= 2014 FIFA World Cup qualification – CONCACAF first round =

Football tournament qualification stage

This page provides the summaries of the CONCACAF first round matches for 2014 FIFA World Cup qualification.

==Format==
In this round the ten lowest seeded teams were drawn into 5 home-and-away ties.

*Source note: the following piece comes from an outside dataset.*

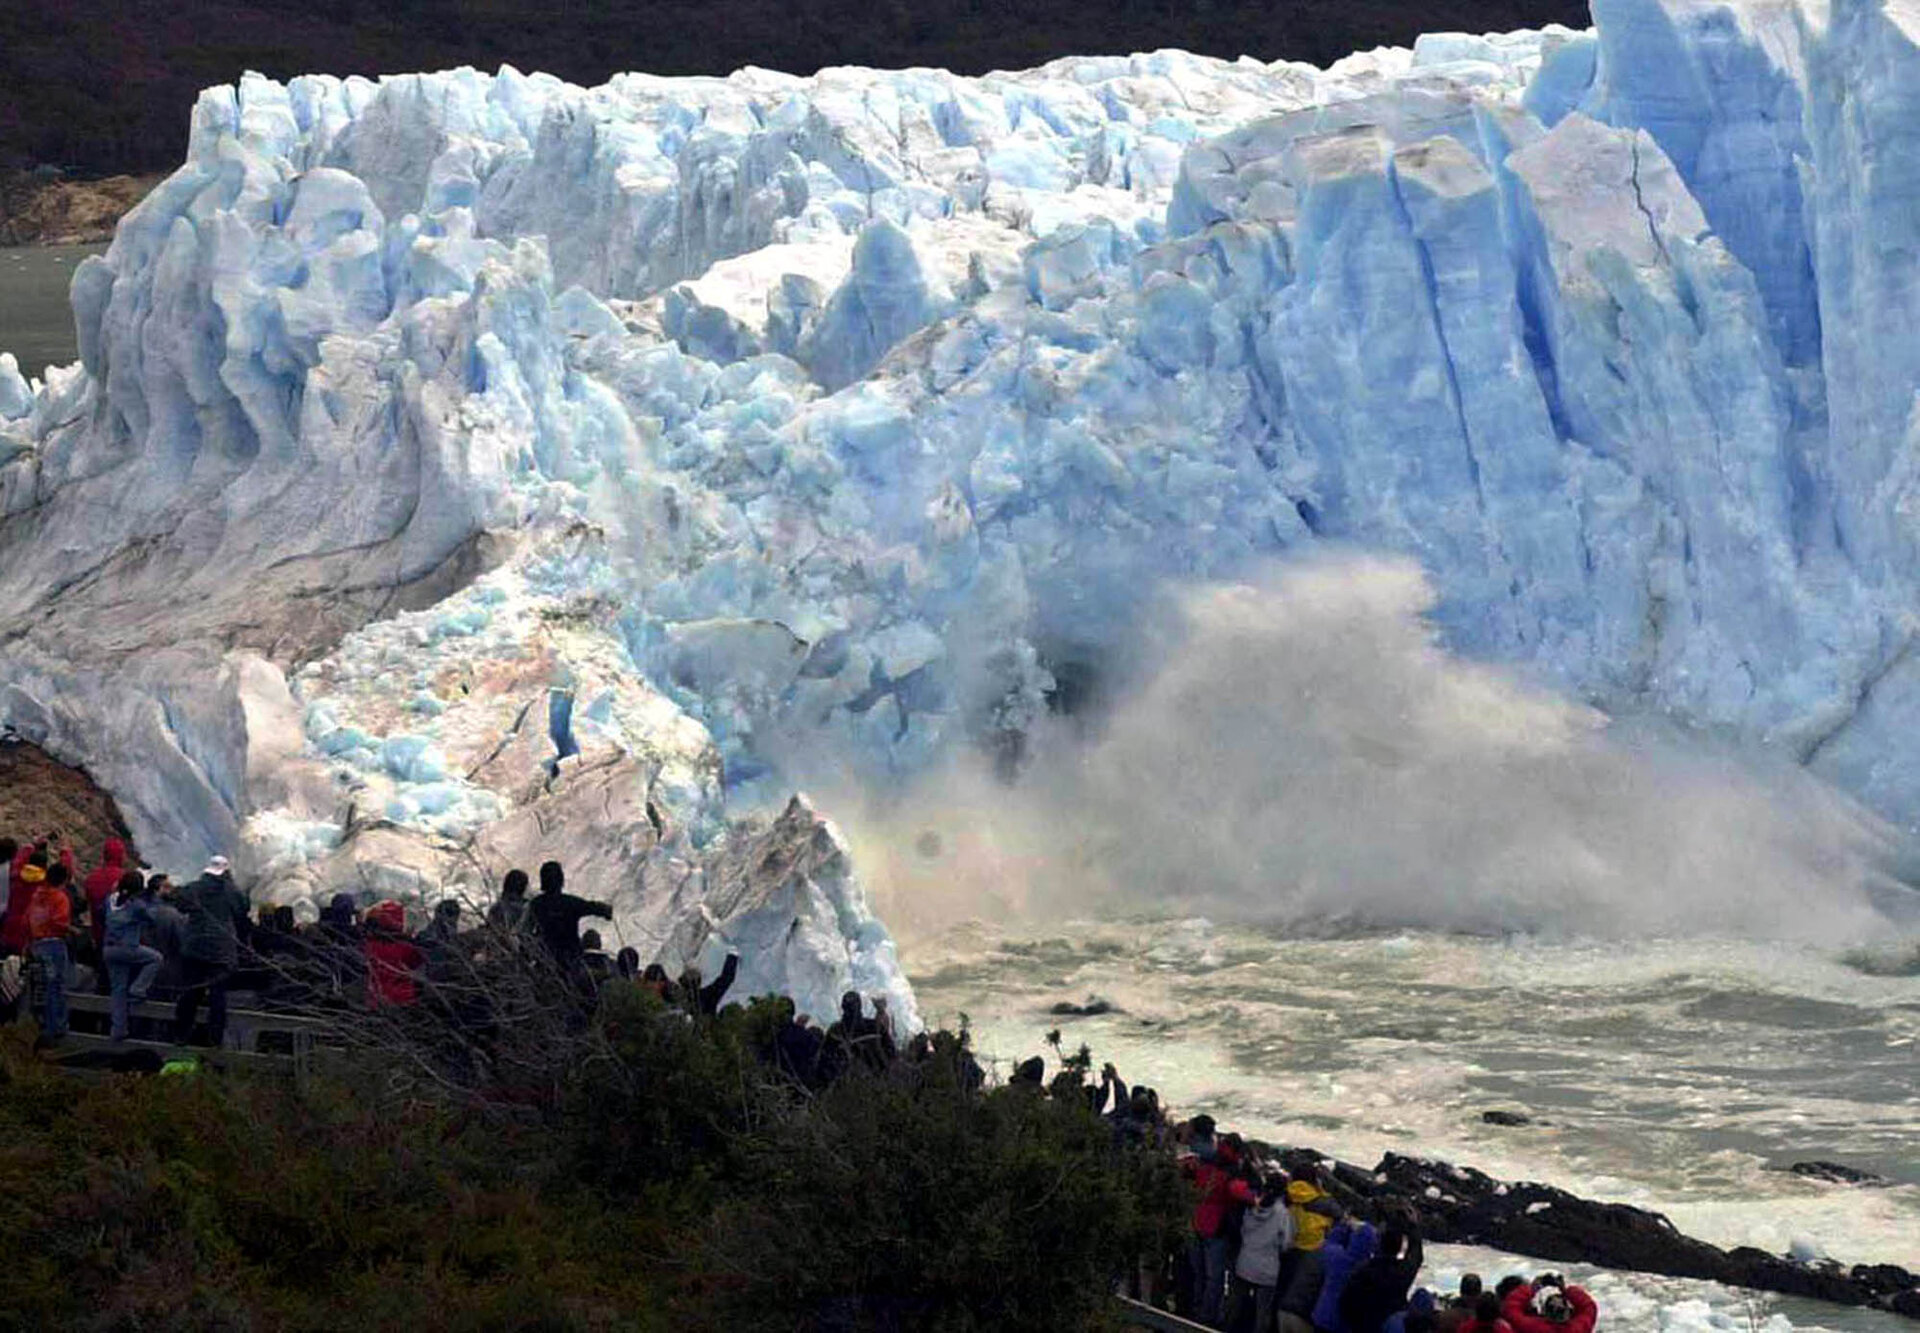 The glacier wall gives way

The matches were scheduled to be held prior to the main draw for the 2014 FIFA World Cup. Originally, the first legs were scheduled for 3 June 2011 and the second legs on 7 June. However, the matches were postponed to scattered days in June and July, between 15 June and 17 July. The five winners advanced to the second round of the CONCACAF qualifiers.

==Participating teams==
- BLZ
- DOM
- VGB
- LCA
- TCA
- BAH
- ARU
- VIR
- AIA
- MSR

==Results==

15 June 2011
MSR 2-5 BLZ
  MSR: Hodgson 44', 86'
  BLZ: McCaulay 24', 75', 83', Róches 50', Kuylen 53'
17 July 2011
BLZ 3-1 MSR
  BLZ: Jiménez 23', McCaulay 59', Méndez 61'
  MSR: Hodgson 58'
Belize won 8–3 on aggregate and advanced to the second round.
----
8 July 2011
AIA 0-2 DOM
  DOM: Peralta 7', Faña 42'
10 July 2011
DOM 4-0 AIA
  DOM: Navarro 18', 42', Sánchez 27', Faña 58'
Dominican Republic won 6–0 on aggregate and advances to the second round.
----
3 July 2011
VIR 2-0 VGB
  VIR: Lesmond 7', Klopp 57'
10 July 2011
VGB 1-2 VIR
  VGB: Peters 38'
  VIR: Thomas 2', Klopp
U.S. Virgin Islands won 4–1 on aggregate and advanced to the second round.
----
8 July 2011
ARU 4-2 LCA
  ARU: Santos de Gouveia 13', Escalona 48', Gomez 76', D. Abdul 85'
  LCA: Edward 20', Valcin 46'
12 July 2011
LCA 4-2 ARU
  LCA: J. Joseph 14', 29', 71', Frederick 74'
  ARU: Gomez 44', Barradas 76'
6–6 on aggregate. Saint Lucia won the penalty shoot-out 5–4 and advanced to the second round.
----
2 July 2011
TCA 0-4 BAH
  BAH: Jean 32', 61', Hepple 36' (pen.), Louis
9 July 2011
BAH 6-0 TCA
  BAH: Gibson 4', St. Fleur 17', 64', 73', 84', 90'
Bahamas won 10–0 on aggregate and advanced to the second round.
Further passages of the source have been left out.